What is voluntary intoxication, and how does it affect liability?
Involves the voluntary ingestion of an intoxicating substance.
It is a defense to specific intent crimes, if the intoxication prevents the formation of the required intent.
Voluntary intoxication is not a defense to crimes involving malice, recklessness, or negligence, or for strict-liability crimes.
What is involuntary intoxication?
Unknowingly or forced to ingest an intoxicating substance. Defense to both general and specific crimes, as well as malice crimes when the intoxication serves to negate an element of the crime.
What is common-law murder?
The unlawful killing of a human being committed with malice aforethought. This includes the following mental states:
- Intent to kill
- Intent to inflict serious bodily injury
- Reckless indifference to an unjustifiably high risk to human life (depraved heart)
- Intent to commit certain felonies (felony murder)
What is the felony murder rule?
A defendant can be found guilty for the unintended but foreseeable killing that is proximately caused by or during the commission or attempted commission of an inherently dangerous felony. BARRK: burglary, arson, robbery, rape and kidnapping are considered inherently dangerous felonies.
What are exceptions and defenses to the felony murder rule?
Defenses:
- If the death was unforeseeable, FMR does not apply
- If the felony is complete and the defendant has reached a place of safety, FMR does not apply.
Death of bystander (Majority Rule):
- Defendant not liable for the death of a bystander caused by a police officer or as a result of resistance by the victim of the felony, because neither person is the felon’s agent.
Death of a co-felon:
- Defendant will not be held liable for the death of a co-felon if a victim or police officer kills the co-felon.
What is first-degree murder?
ONLY APPLICABLE IF JURISDICTION ISSUED STATUTE
Premeditated: defendant had enough time to plan and reflect on the idea of the killing. Amount of time needed may be brief, a mere second of reflection is sufficient.
Deliberate: Defendant made the decision to kill in a cool and dispassionate manner
What is second-degree murder?
Second-degree murder is the statutory version of common law murder.
Homicide committed with the necessary malicious intent:
- Intent to kill
- Intent to do great bodily injury, or
- Depraved-heart murder
What is voluntary manslaughter?
Murder committed in response to adequate provocation.
- Objective element: reasonable person would have been provoked by the victim’s actions.

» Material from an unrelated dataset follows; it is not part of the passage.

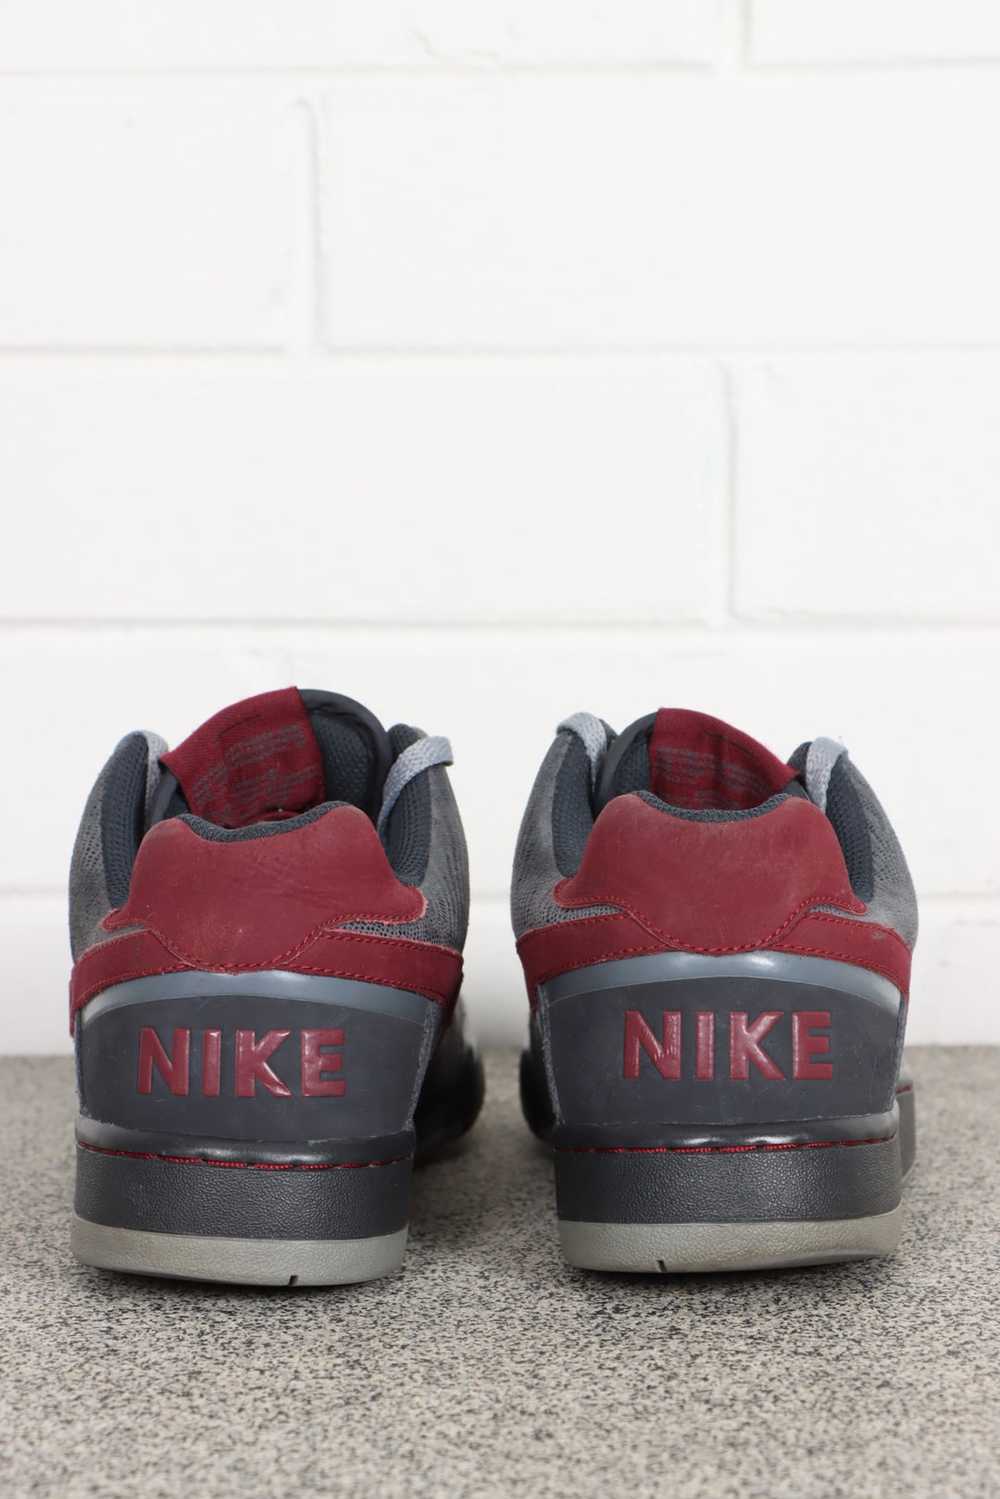 NIKE Delta Force Low Grey/Maroon Sneakers (8.5) - image 4

Words are generally not enough provocation, sufficient provocations include discovery of adultery or serious battery
- Subjective element: defendant must have actually been provoked.
Time to cool off:
- Objective: there must not have been sufficient time for an ordinary (reasonable) person to cool off
- Subjective: The defendant also must not have actually cooled off.
What is involuntary manslaughter?
Unintentional homicide committed with criminal negligence or during an unlawful act.
Criminal negligence:
- Grossly negligent action (or inaction when there is a duty to act) that puts another person at significant risk of serious bodily injury or death
- MPC: In addition to grossly negligent action, defendant must have also been actually aware of the risk his conduct posed.
Unlawful Act:
- Defendant commits an unlawful act that does not rise to felony murder and a death occurs as a result.
What is criminal battery?
The intentional unlawful application of force to another person that causes bodily harm to that person, or constitutes an offensive touching.
What is criminal assault?
An attempt to commit a battery, or intentionally placing another in apprehension of imminent bodily harm.
What is kidnapping?
The unlawful confinement of a person against that person’s will coupled with either movement or concealment of that person.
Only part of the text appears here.